Minimal Complexity Machines: Learning Machines with Minimal VC dimension

The Vapnik Chervonenkis (VC) dimension measures the capacity of a learning machine, and computational learning theory shows that a small VC dimension can lead to good generalization and robust learning. It is well known that SVMs can have a large, even infinite VC dimension. Despite being amongst the most popular of methods, SVMs do not provide any guarantee of good generalization.

Classifiers
The relation between the VC dimension and the defining variables of a classifier is usually abstruse and rarely tractable. In recent works (NeurocomputingArXiv Preprint), we have shown how to obtain an exact bound on the VC dimension of a fat margin hyperplane classifier. The proposed exact bound is a function that bounds the VC dimension from both above and below.
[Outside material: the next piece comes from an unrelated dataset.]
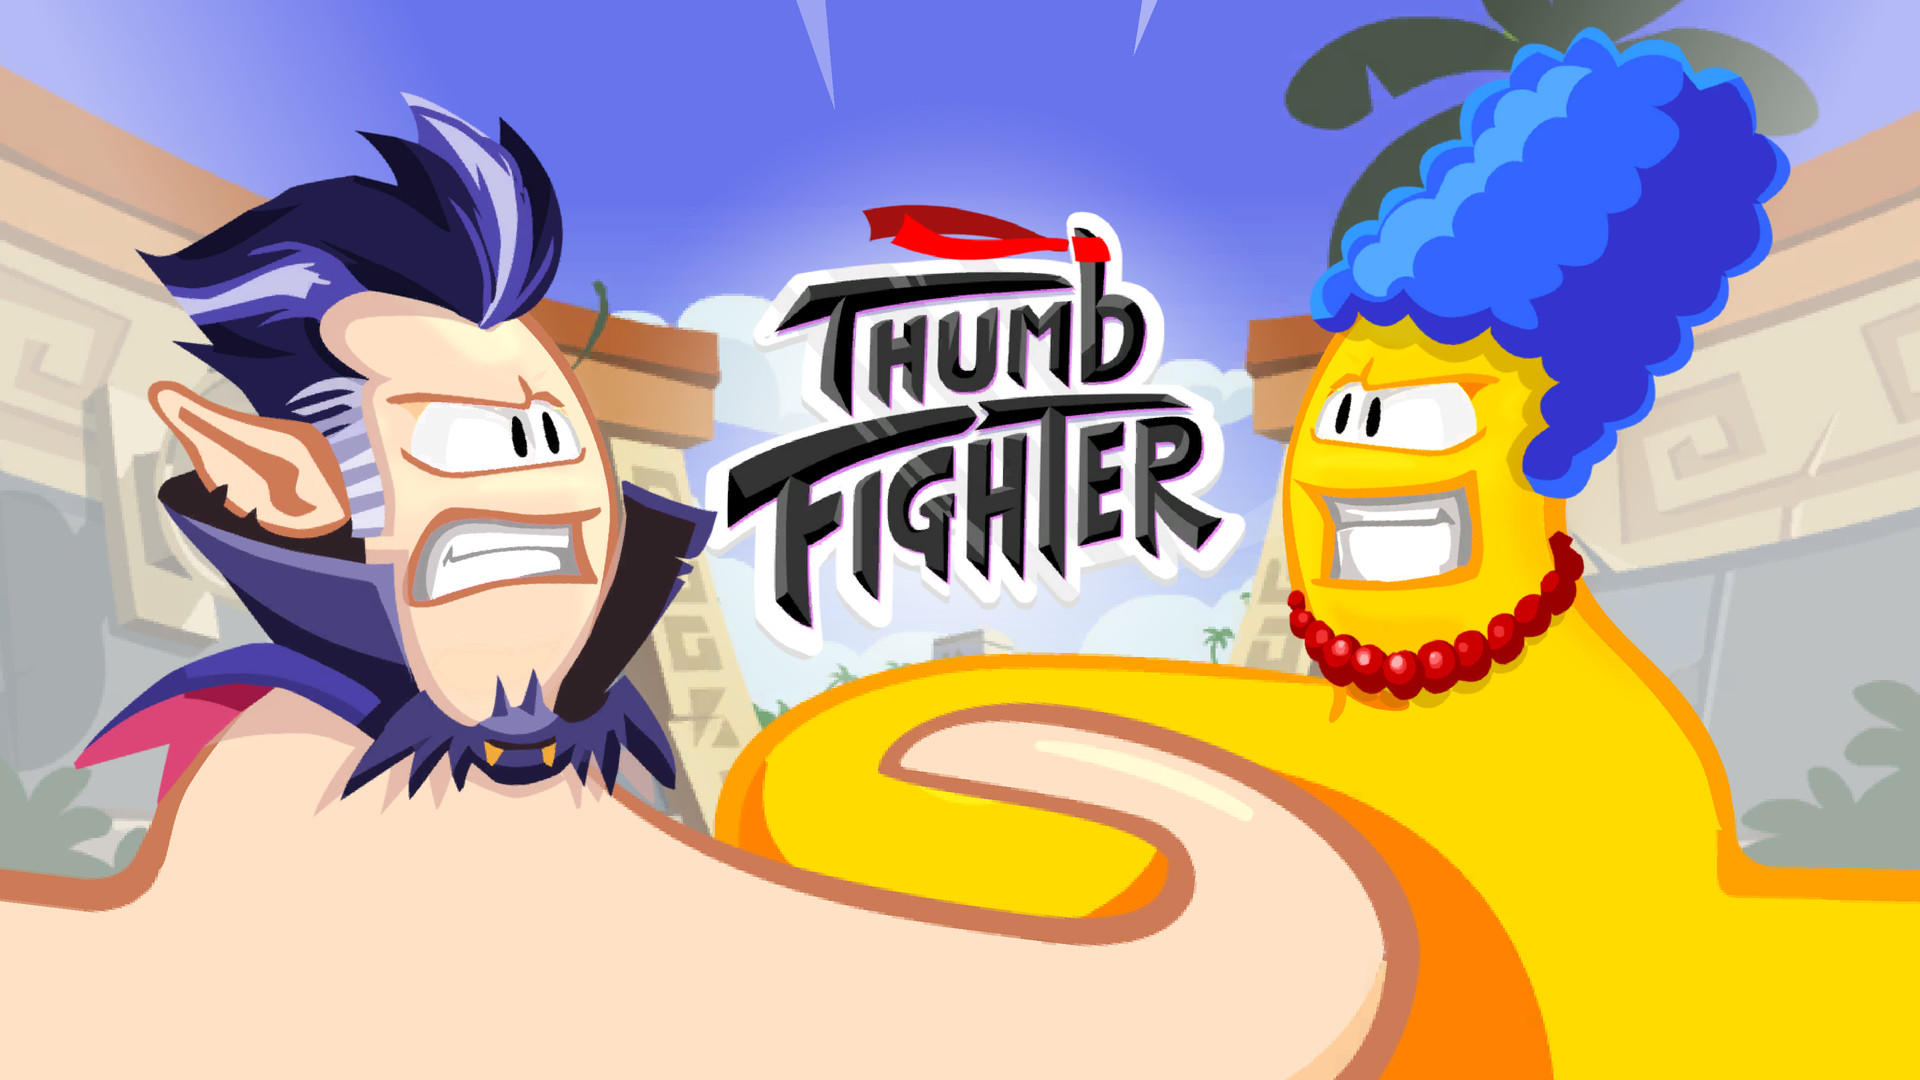 Thumb Fighter遊戲截圖

It is a convex, smooth, and differentiable function. Minimizing the exact bound yields a classifier with a small VC dimension. We show that this can be done by solving a linear programming problem. The Minimal Complexity Machine (MCM) finds a hyperplane classifier with a small VC dimension, that also learns the training samples with small error. To the best of our knowledge, the MCM is the first, and only such approach that provides a way of learning a classifier with small VC dimension. On many benchmark datasets from the UCI repository, the MCM generalizes better than SVMs, while using less than one-tenth the number of support vectors. The code can be downloaded here.

Function Approximation
Regression, or Function Approximation is another common problem in machine learning. We have shown in the paper (Neurocomputing) how the MCM can be used to find regressors that have smaller mean squared errors on test samples, while using far fewer support vectors than SVMs. The code for the MCMR can be downloaded here.

Feature Selection
The number of features or input variables used by a linear hyperplane is one less than an upper bound on its VC dimension. The primal version of the linear MCM allows us to find a set of features that constitutes a minimal discriminative set. The MCM thus provides a way for selecting an optimal set of features. Results on benchmark datasets(ArXiv Preprint) indicates that the MCM provides a competitive feature selection approach.

Fuzzy MCM Classifiers
Using fuzzy memberships facilitates robust learning by reducing the effect of outliers and noise in the data. An extension of the MCM to the fuzzy domain(ArXiv Preprint) demonstrates that the use of fuzzy memberships indeed improves generalization and can also yield sparser solutions.